L’Estagnol, près de Baume-de-Transit, où se trouvaient autrefois de nombreux étangs, et Lens-Lestang n’ont pas besoin d’explication. Du latin forts, fontaine, dérivent : Fontgrand, Fontbonne, Fondeville, fontis villa, maison de la fontaine, fief situé près d’Ànneyron qui appartenait, dans le XVIIe s., aux Brunier de Larnage, et dans le XVIIIe, aux princes de Rohan-Soubise, comtes d’Albon ; c’est aujourd’hui la propriété de M. Gagnière.

Fontager (fontis ager, domaine de la fontaine). Ce fief, qui est près de Saint-Vallier, d’après M. l’abbé Vincent, appartenait en 1339 à Lancelot de Briord ; il passa plus tard aux de Gruel et aux Châtelard ; le château appartient aujourd’hui à M. le baron de Croze. Le mot font était autrefois féminin, comme le prouvent les noms de Fonfrède, Lafont, etc. Pour Galaure, voir le § II, v.o Valloire.

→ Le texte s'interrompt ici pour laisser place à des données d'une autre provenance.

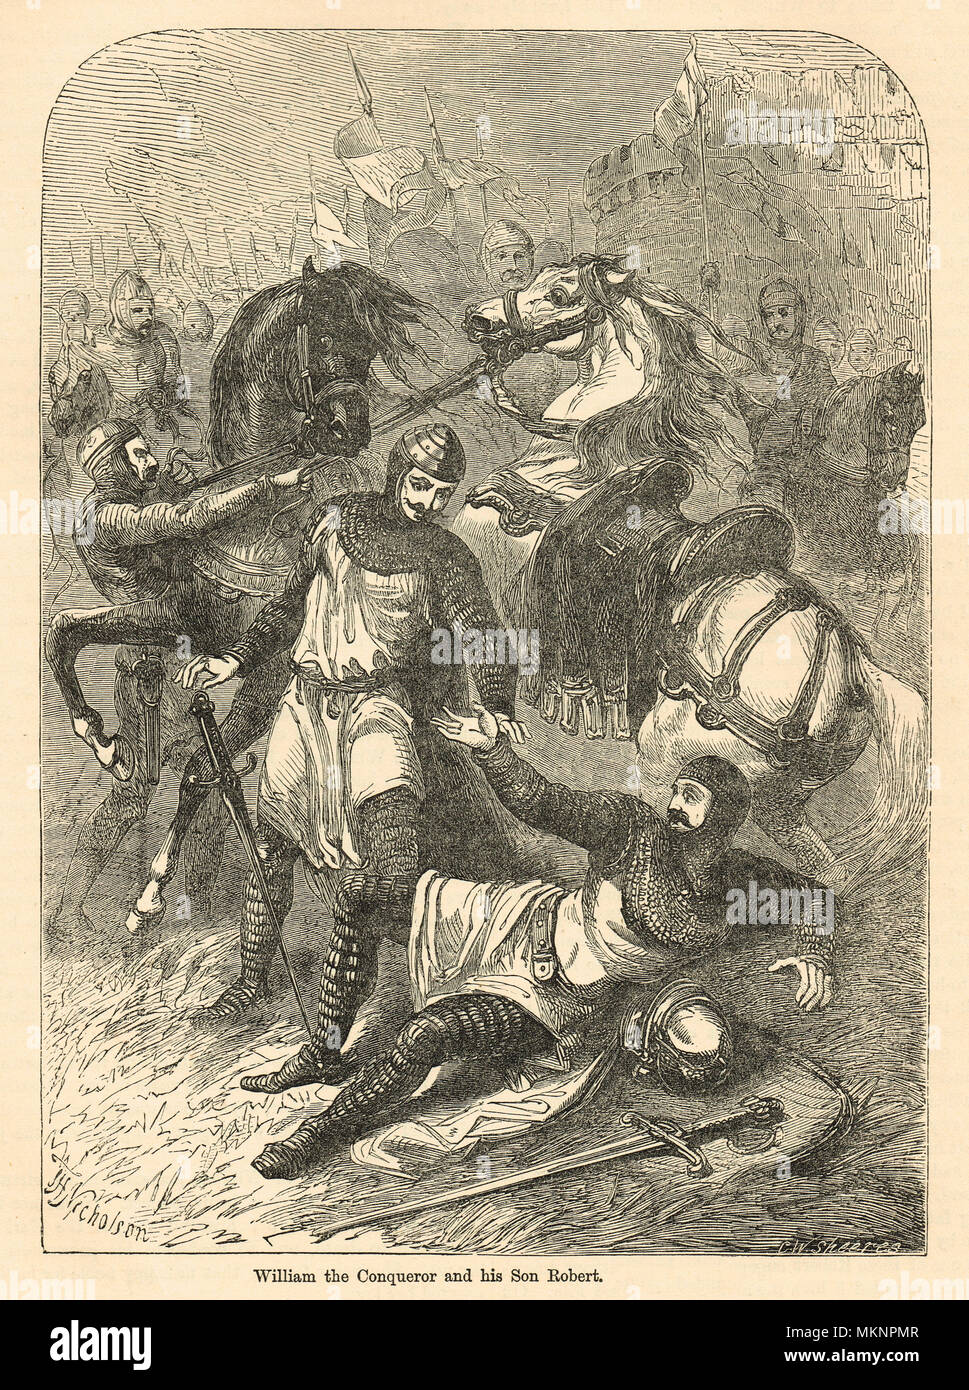 Robert Curthose le fils de Guillaume le Conquérant pour lui demander pardon, pour autant bouleverser et blessant son père William J dans la bataille, 1079 Banque D'Images
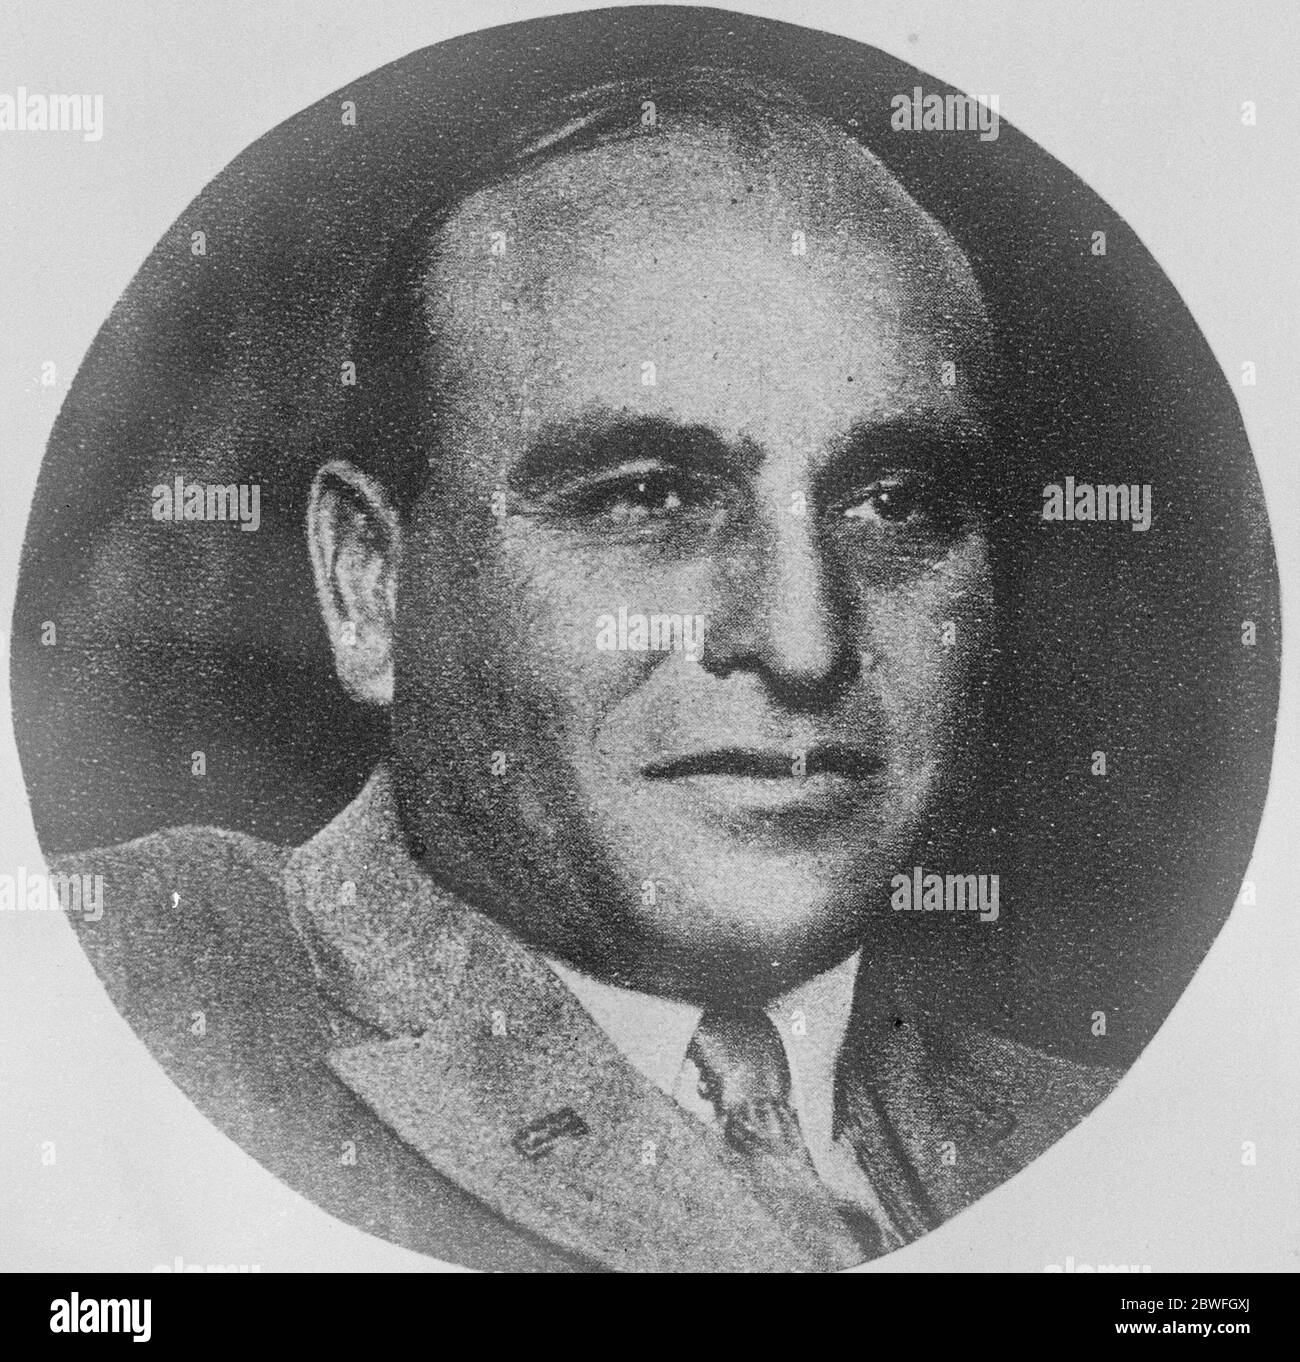 Begnadigt Sträfling machen gute Louis Victor Eytinge, die nach dem Dienst 16 Jahre für Mord wurde befreit und arbeitet jetzt in New York zu einem großen Gehalt . 17 Februar 1923 Stockfoto

Le nom de la Gervanne, affluent de la Drome, qui brise ses eaux contre des rochers, et coule dans un étroit vallon profondément encaissé, qu’on appelle les Gorges d’Omblèze, veut dire rivière des rochers. On retrouve la première partie du mot guer, guuer, ruisseau, cours d’eau, en corn., gouer et goez, en br. (Zeuss, p. 1119), et dans les noms du Gers, de la Gère, (Jaira, dans le Xe s.), qui se jette dans le Rhône, à Vienne ; de la Gérène ou Gérine, en Suisse ; de Gières, près de Grenoble, Geria, en latin, sur le bord d’un torrent ; du Guiers-Vif (Isère), qui ne tarit jamais ; du Guiers-Mort, qui est souvent à sec pendant l’été ; du village appelé Entre-deux-Guiers ; quant à van et ven, ils veulent dire en c. montagne, rocher, v. le § I, v.o ben. Je ne sais si l’on peut traduire de la même manière le nom du quartier appelé Gervans, entre Hostun et la Motte, et celui du village de Gervans, canton de Tain, près d’un petit torrent qui descend de la montagne, dont le nom était Gervanciacum, en 909 (M. Giraud, Preuves, t. I, p. 132), Girvant, en 1323, Girvandum, en 1470, et qui appartenait dans le siècle dernier aux Saint-Vallier. Pour ac, v. § I, v.o Aleyrac.